• TASK REQUIREMENTS: For this exercise, the lines from the one with "SALT LIFE Day" through the end of the material below must be output exactly, without pictures.

• INPUT DATA:
····················

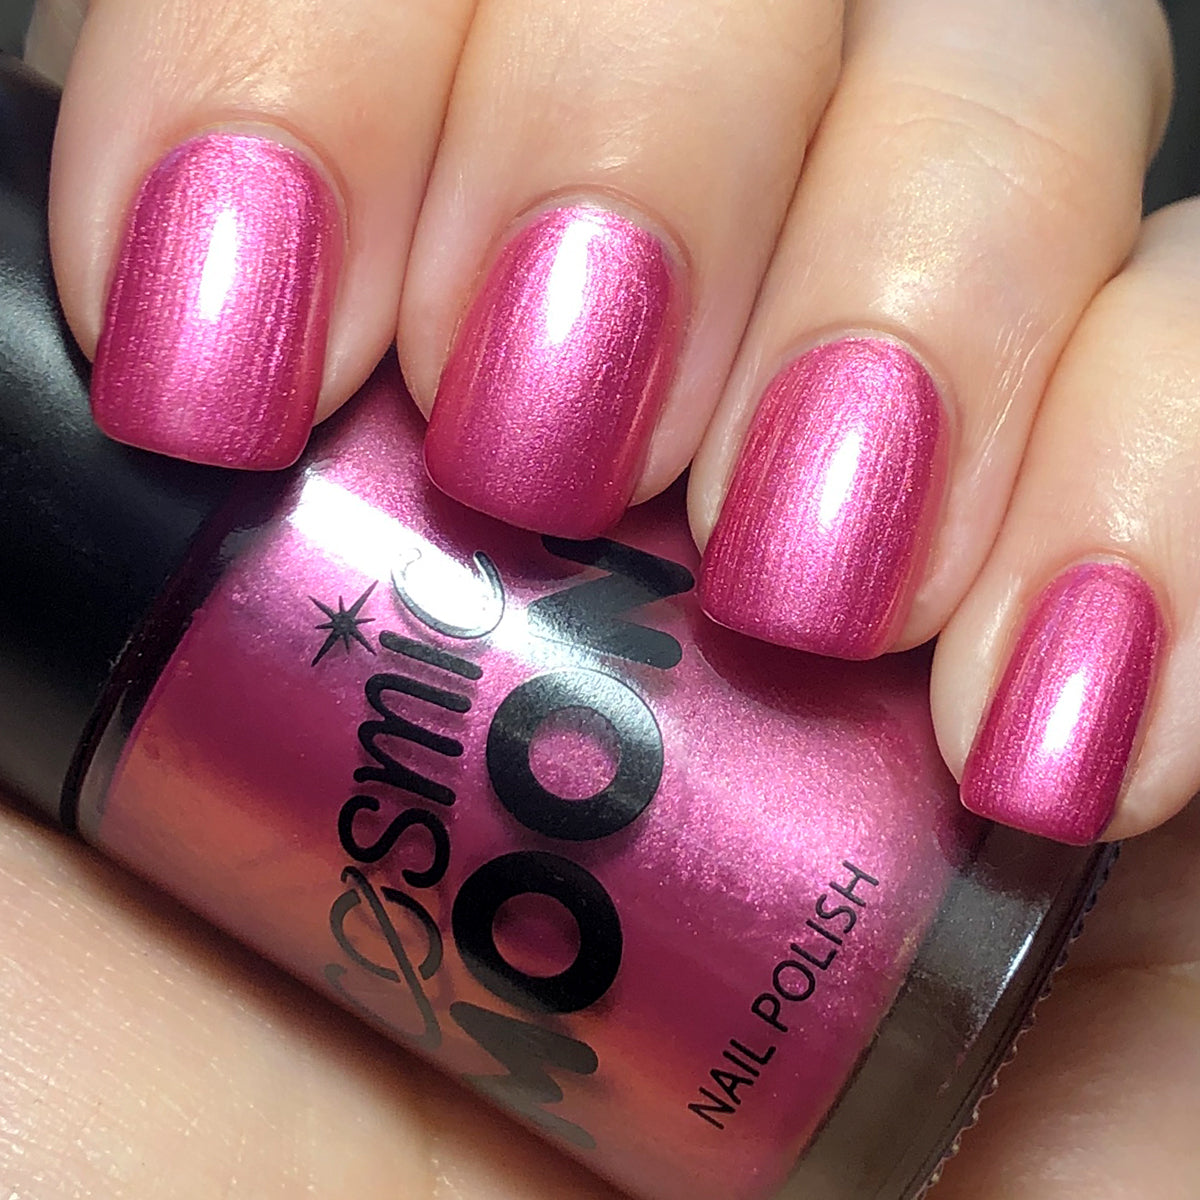 Pink - Metallic Nail Polish, 14mL. Cosmetically certified, FDA & Health Canada compliant and cruelty free.
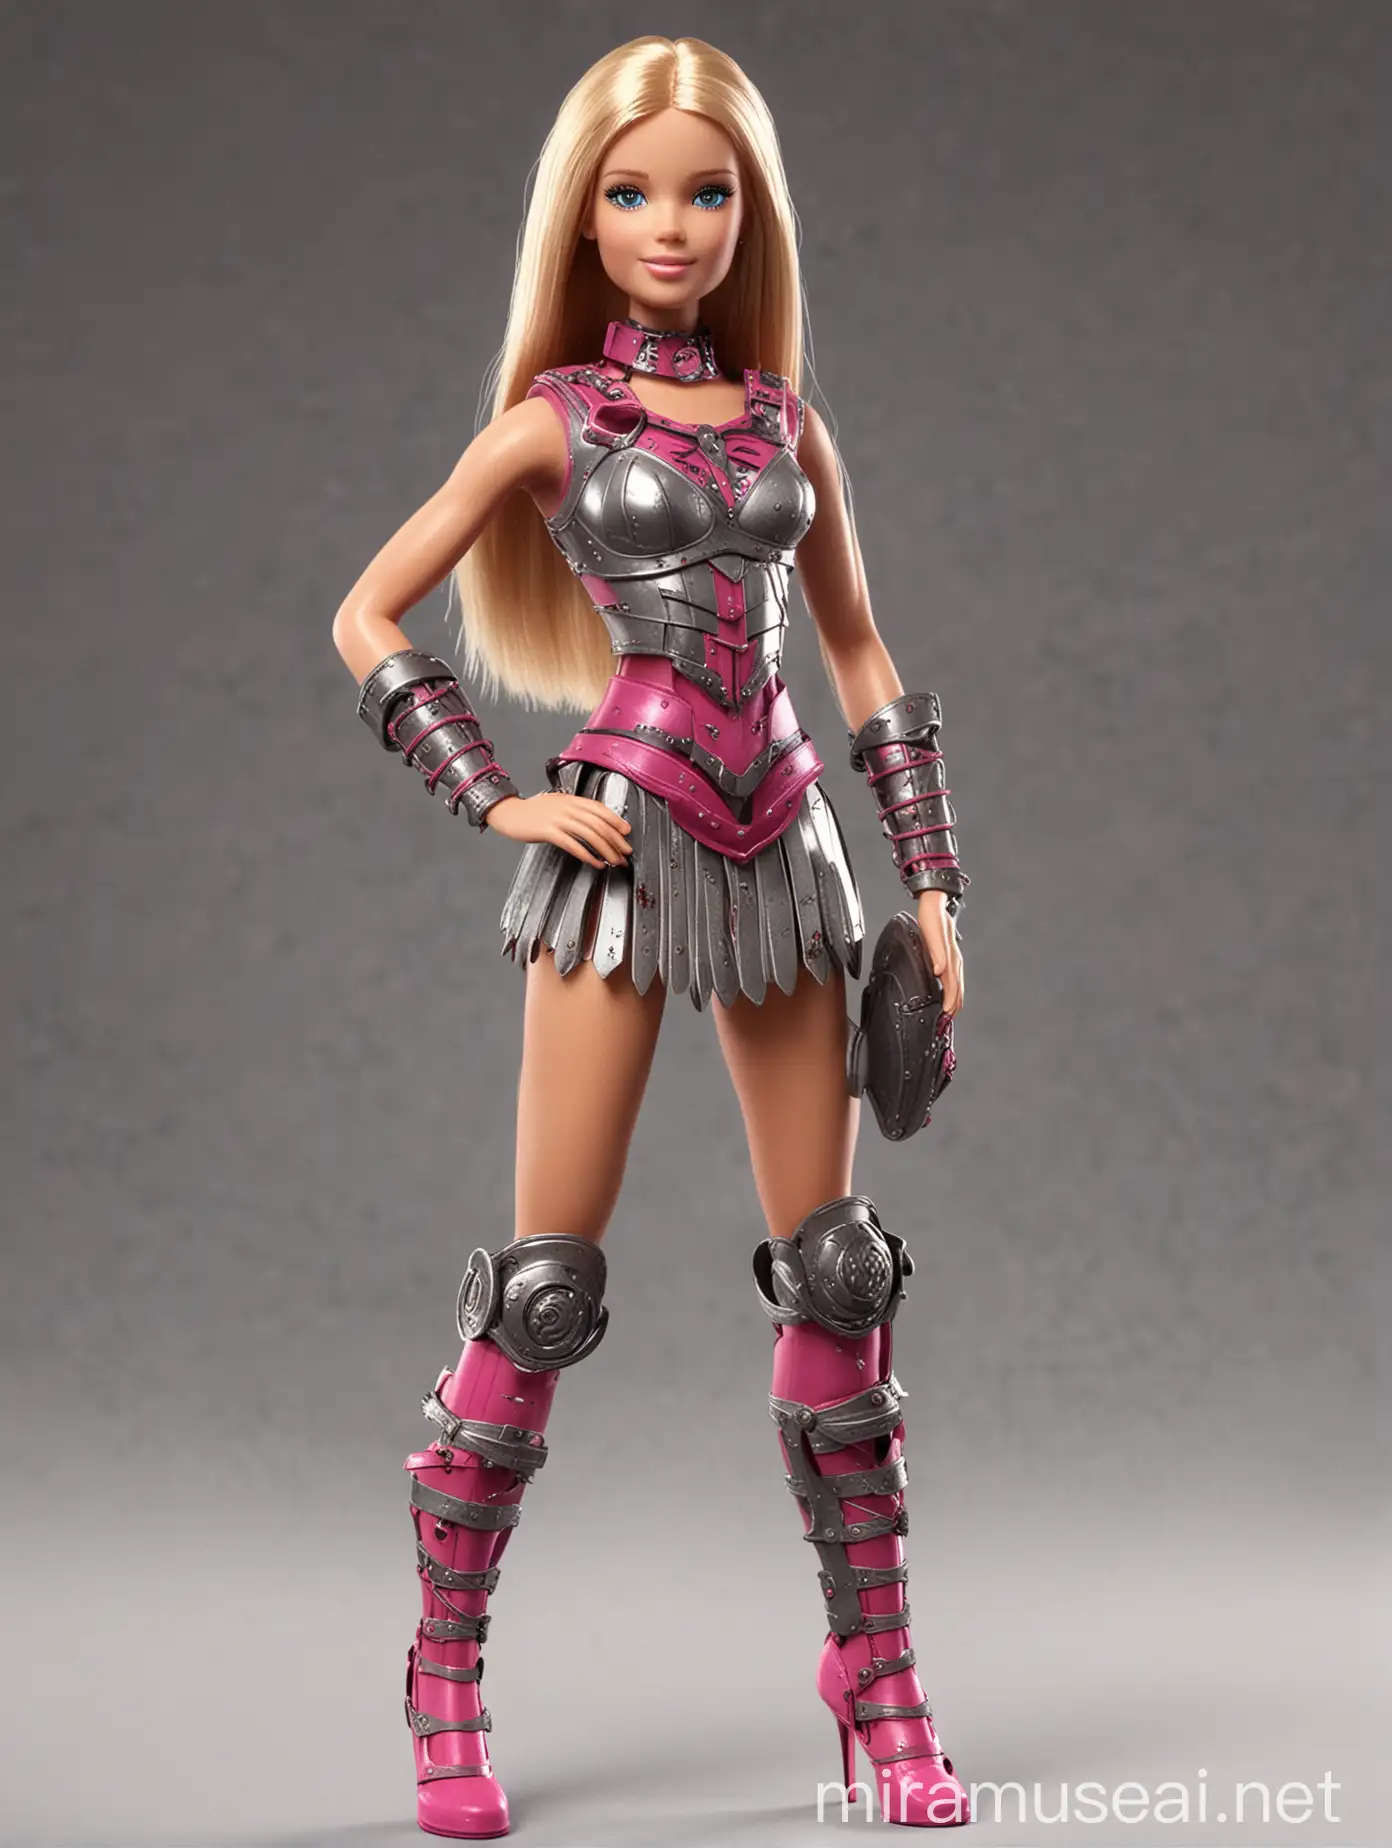 Barbie Gladiator Stylish Doll Poses in 3D Rendering
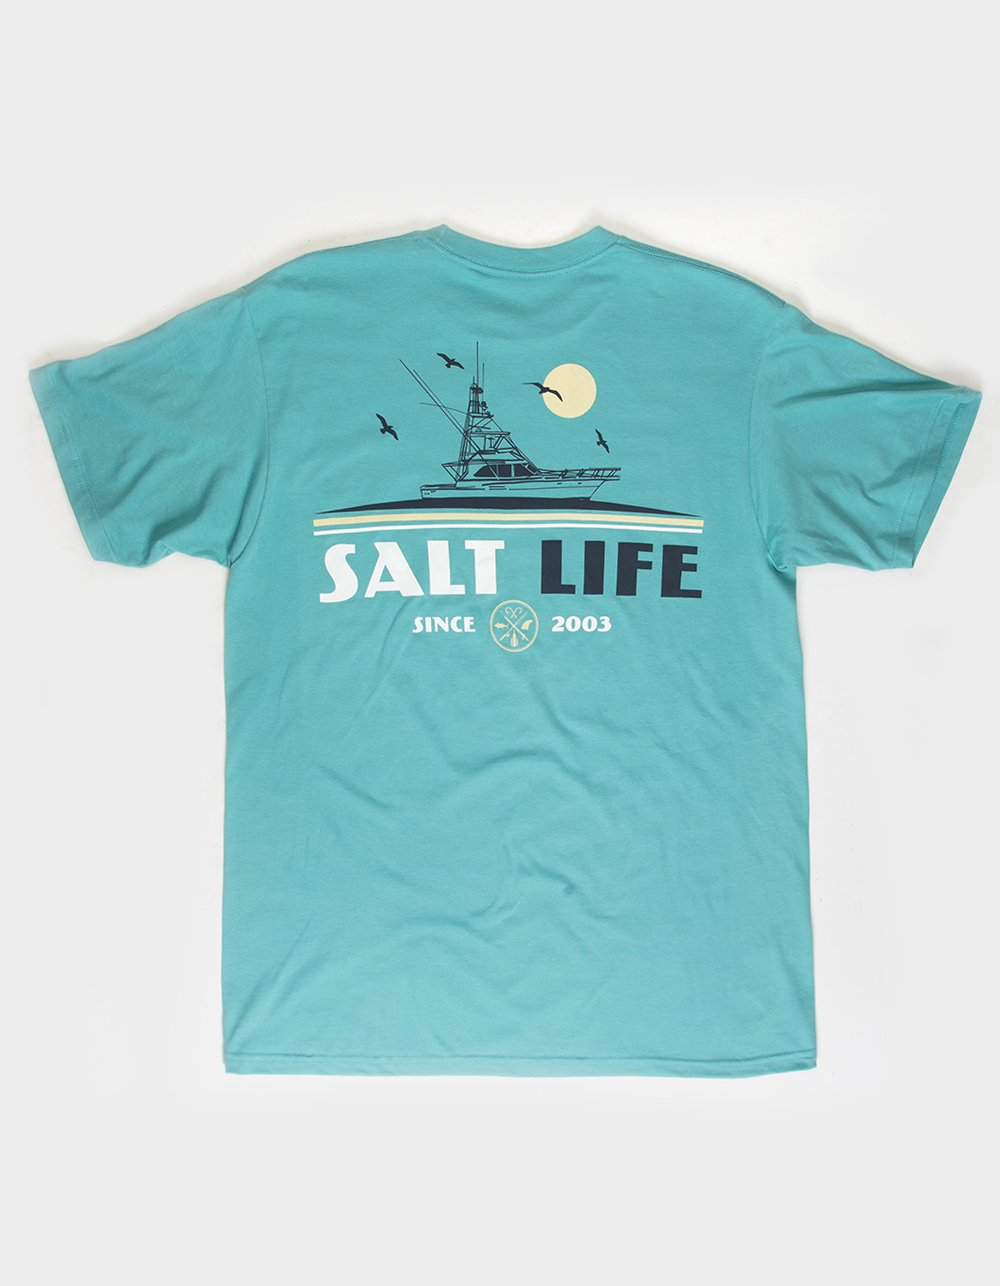 SALT LIFE Day In The Life Mens Tee - TEAL GREEN | Tillys
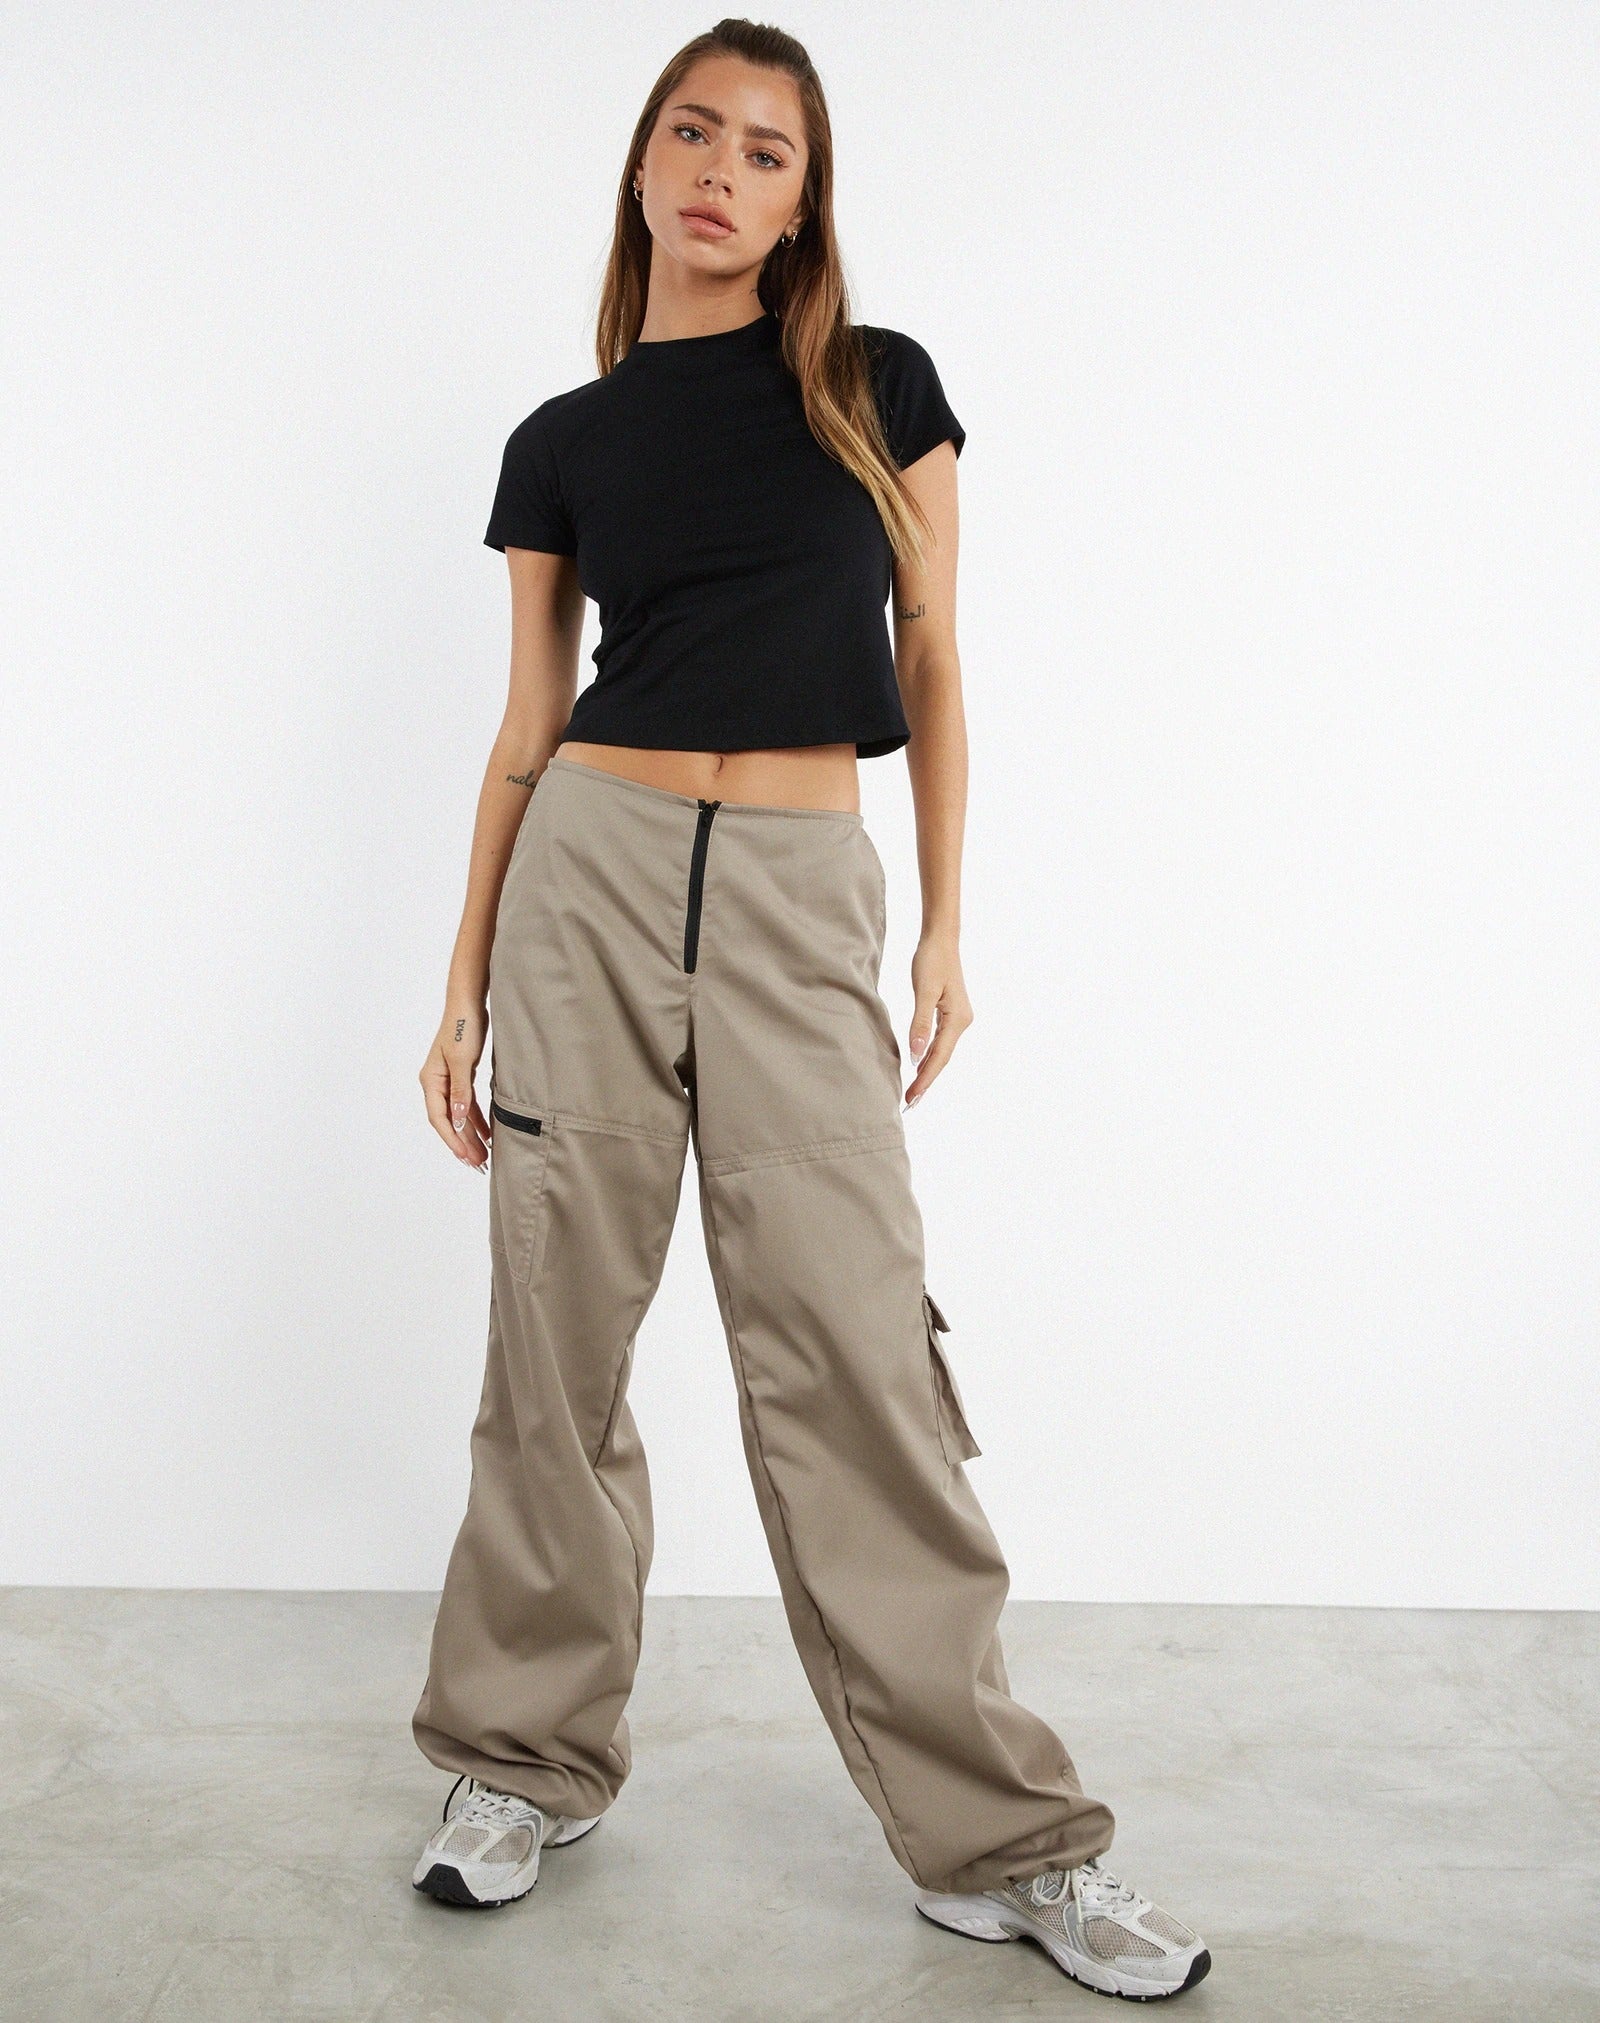 How to style cargo pants 7 great ways to wear the look  Woman  Home

····················

• RESULT FOR THIS EXERCISE:
 SALT LIFE Day In The Life Mens Tee - TEAL GREEN | Tillys
 How to style cargo pants 7 great ways to wear the look  Woman  Home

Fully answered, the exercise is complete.